- Directed by: Leigh Jason
- Written by: Arthur A. Ross
- Screenplay by: Jameson Brewer Leonard Stern
- Produced by: Wallace MacDonald
- Starring: Pat O'Brien Cameron Mitchell Richard Denning
- Cinematography: Henry Freulich
- Edited by: Jerome Thoms
- Production company: Columbia Pictures
- Distributed by: Columbia Pictures
- Release date: February 28, 1952;
- Running time: 67 minutes
- Country: United States
- Language: English

= Okinawa (film) =

1952 film by Leigh Jason

Okinawa is a 1952 American war film directed by Leigh Jason and starring Pat O'Brien, Cameron Mitchell and Richard Denning. It was produced and distributed by Columbia Pictures as a second feature.

==Plot==
Captain Hale commands a U.S. Navy destroyer taking part in the Battle of Okinawa and the kamikaze attacks.

== Cast ==
- Pat O'Brien as Lt.

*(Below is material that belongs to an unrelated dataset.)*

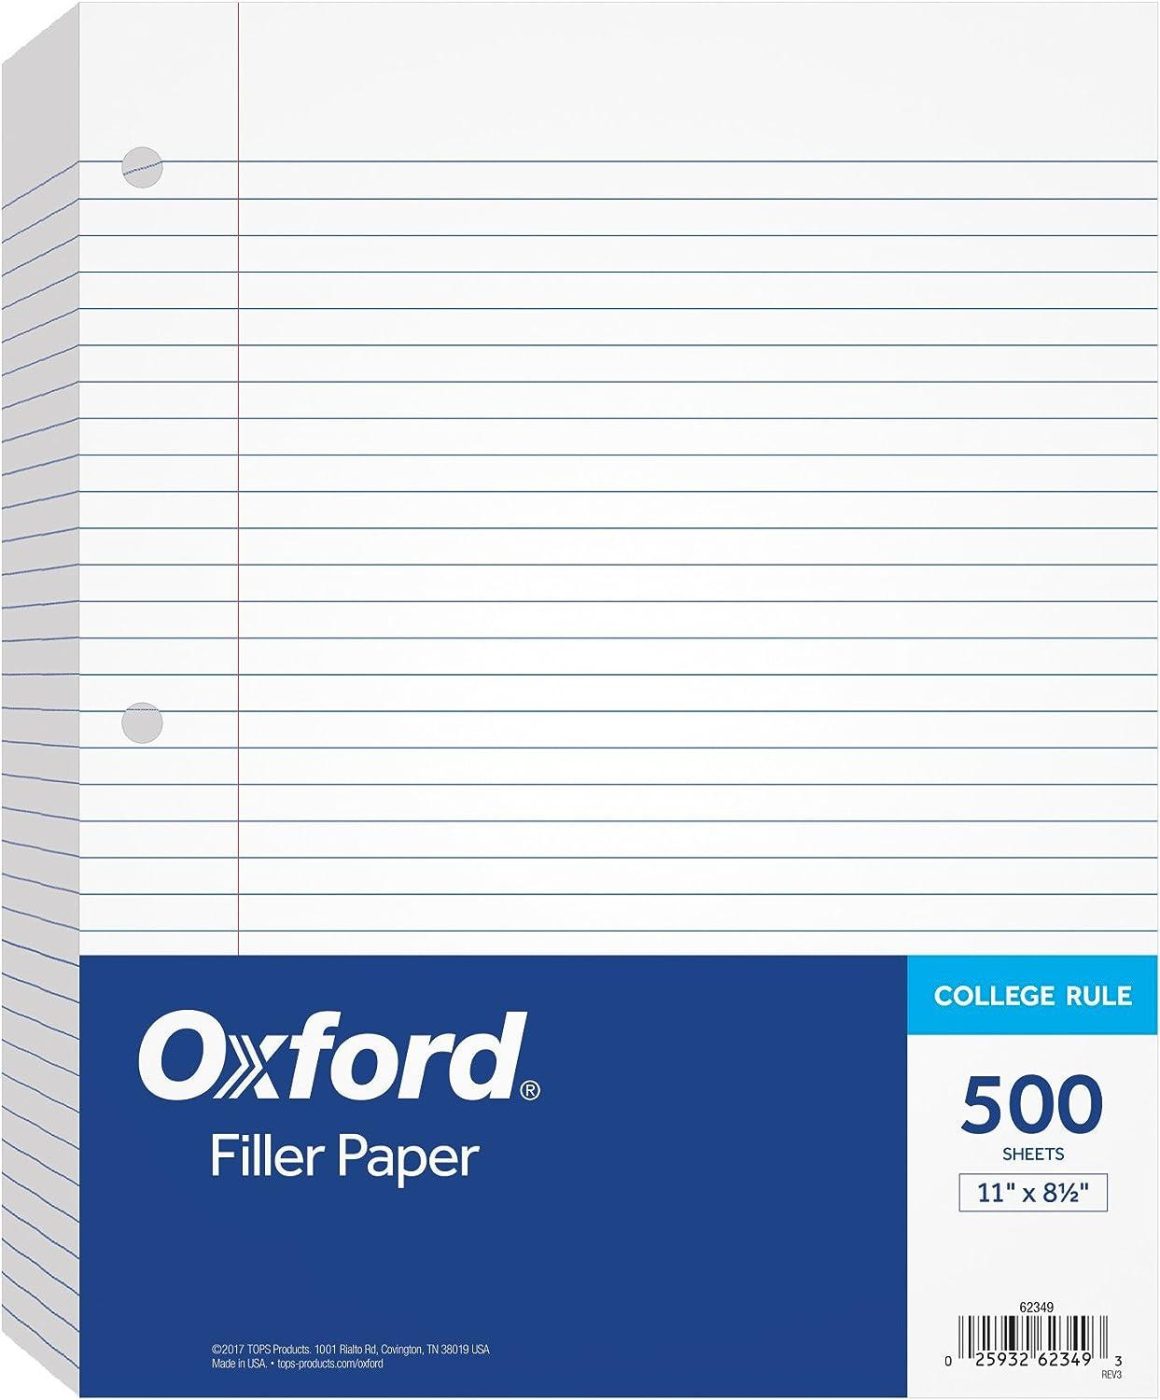 Notebook Paper from Oxford

Cmdr. Hale
- Cameron Mitchell as 'Grip' McCleary
- Richard Denning as Lt. Phillips
- Rhys Williams as Robby Roberg
- James Dobson as Emerson
- Richard Benedict as Delgado
- Rudy Robles as Felix
- Norman Budd as Smith
- Don Gibson as Lt. Sanders
- George A. Cooper as Yeoman

== Reception ==
A contemporary review noted that "unfortunately [the film] carried as a cargo an overload of dialogue."